Sunday, April 15, 2007

Lorenzo Gilyard

Click HERE for the story from KMBC TV.

A judge sentenced a former trash company supervisor to life in prison without parole Friday for strangling six women in 1986 and 1987. The sentence was the only one possible after Lorenzo Gilyard, 56, was convicted last month of killing the women -- all but one a prostitute.

"He's forfeited any right to live here among the rest of us," Jackson County Judge John O'Malley said. "That's the comfort we can derive." O'Malley said there was a chance the women would have turned their lives around, "except he stole it from them."

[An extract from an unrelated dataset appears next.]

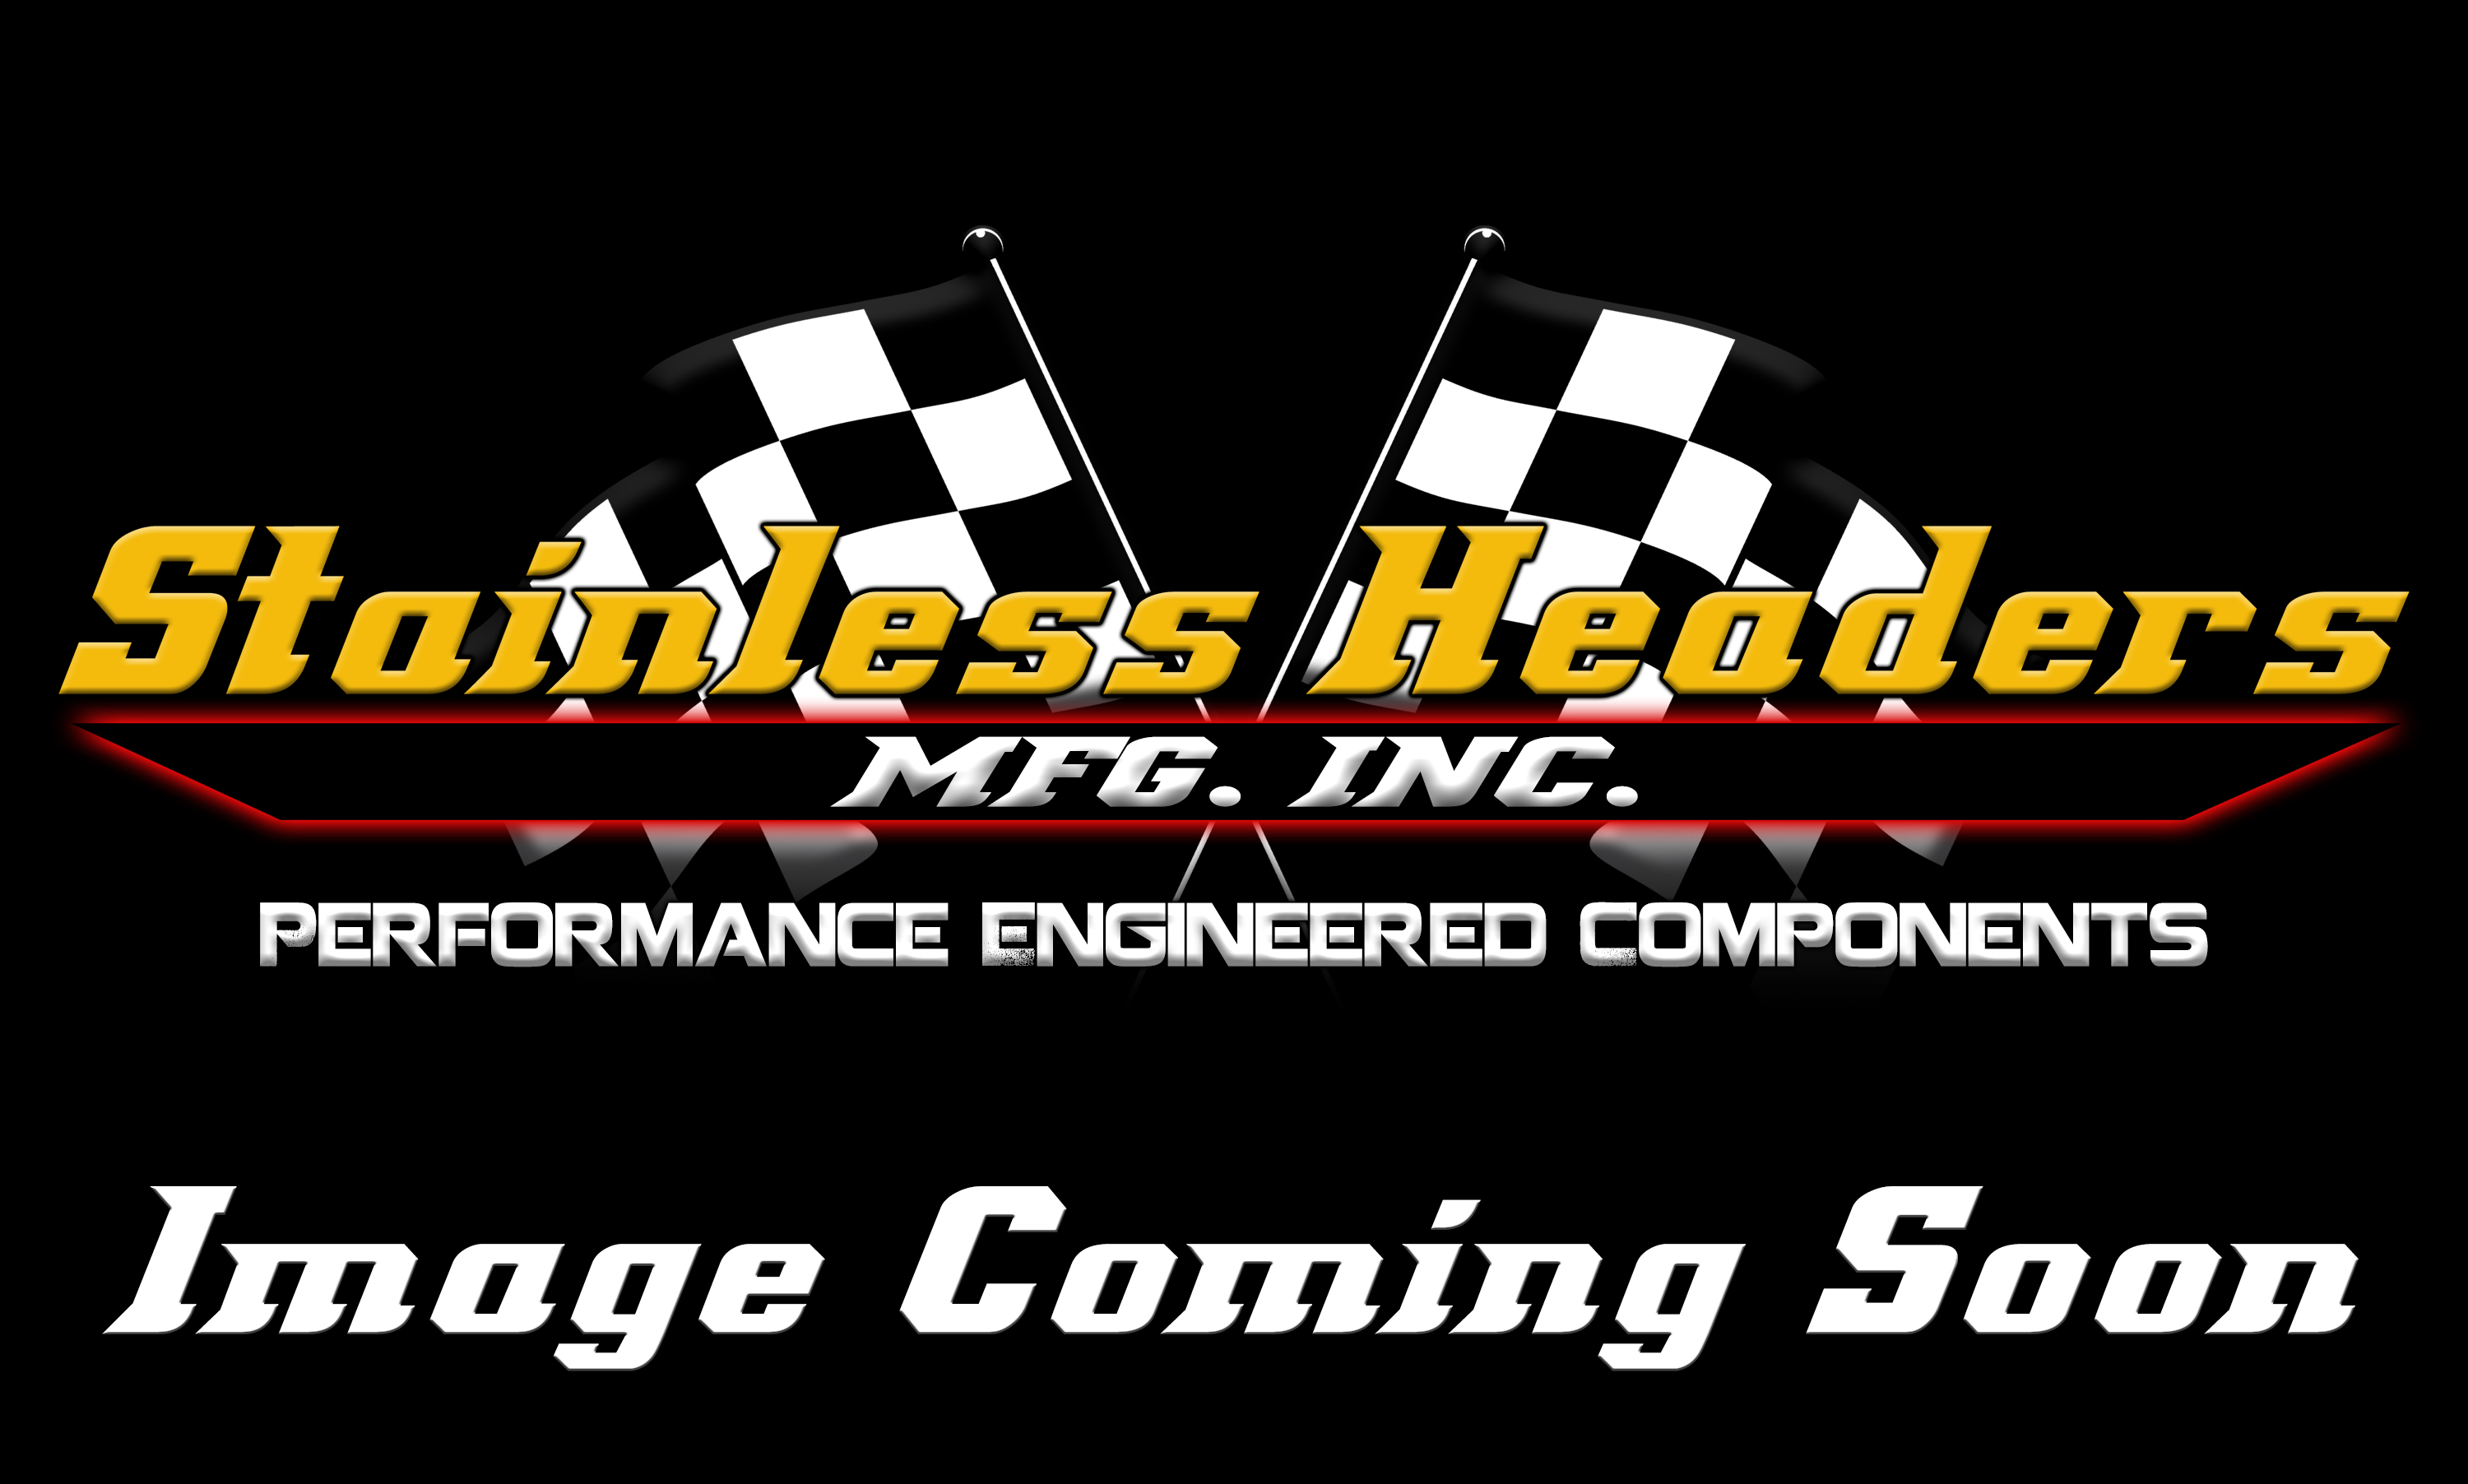 Stainless Headers - 2 3/8" Primary 6 into 1 Performance Merge Collector-18ga 304ss

Prosecutor Jim Kanatzar said the sentencing means that justice was finally brought in relation to the slayings. "I'd like to think that the citizens of Jackson County can sleep a little safer tonight knowing the person who is responsible for these deaths and murders is behind bars, and will be for the rest of his life," Kanatzar said.

Prosecutors agreed in January not to seek the death penalty against Gilyard, as long as Gilyard's attorneys agreed to a trial before a judge without a jury. His attorneys also agreed to give up nearly all of their client's appeal rights.

During the trial, O'Malley acquitted Gilyard of a seventh count of murder. Gilyard had faced 13 counts of murder, but six of those counts -- including one stemming from the death of an Austrian national -- were dropped as the trial got under way.

Kanatzar said his office is still reviewing the six dismissed cases to determine whether to refile them. "We'll probably make an announcement about that in the near future," he said.
Gilyard was linked to the killings in 2004 as police crime lab workers tested evidence from old unsolved cases. His trial got under way March 5, with prosecutors pursuing charges in what they considered the seven strongest cases. Those seven victims -- all but one a prostitute -- were killed in 1986 and 1987.

Family members of the victims spoke prior to Gilyard's sentencing. Tricia Mitchell, whose sister, Catherine Barry, was the only victim not a prostitute, wore her sister's favorite color, turquoise, and spoke about how her sister cared for her and her siblings growing up. "I was afraid of everything and she wasn't afraid of anything," Mitchell said, adding that she grieves that her daughters never got a chance to know their aunt. "Gilyard took that away from them and for that, I will never forgive him."

Much of the testimony during the trial dealt with DNA evidence. Prosecutors said Gilyard's semen was found on six of the women. The defense contended the evidence merely proved Gilyard had sex with the women - but not that he killed them.

The sole acquittal was for the killing of Angela Mayhew, 19, whose body was found on Sept. 12, 1987. Hers was the only body that didn't contain semen, though one of Gilyard's hairs was found on her sweater.

O'Malley said prosecutors had provided him with only suspicions that Gilyard killed Mayhew, not convincing proof.

Defense attorney Tom Jacquinot said Gilyard plans to file a notice of appeal challenging the judge's guilty finding on the grounds that the evidence was insufficient. "Mr. Gilyard to this day still maintains his innocence, though he certainly does empathize with the family," Jacquinot said.

Gilyard wore a blue sweater and tan pants during the sentencing, but had changed into an orange jail suit and shackles by the time deputies escorted him to the elevator to leave the courthouse.

Relatives of the victims watched smiling as he was led away.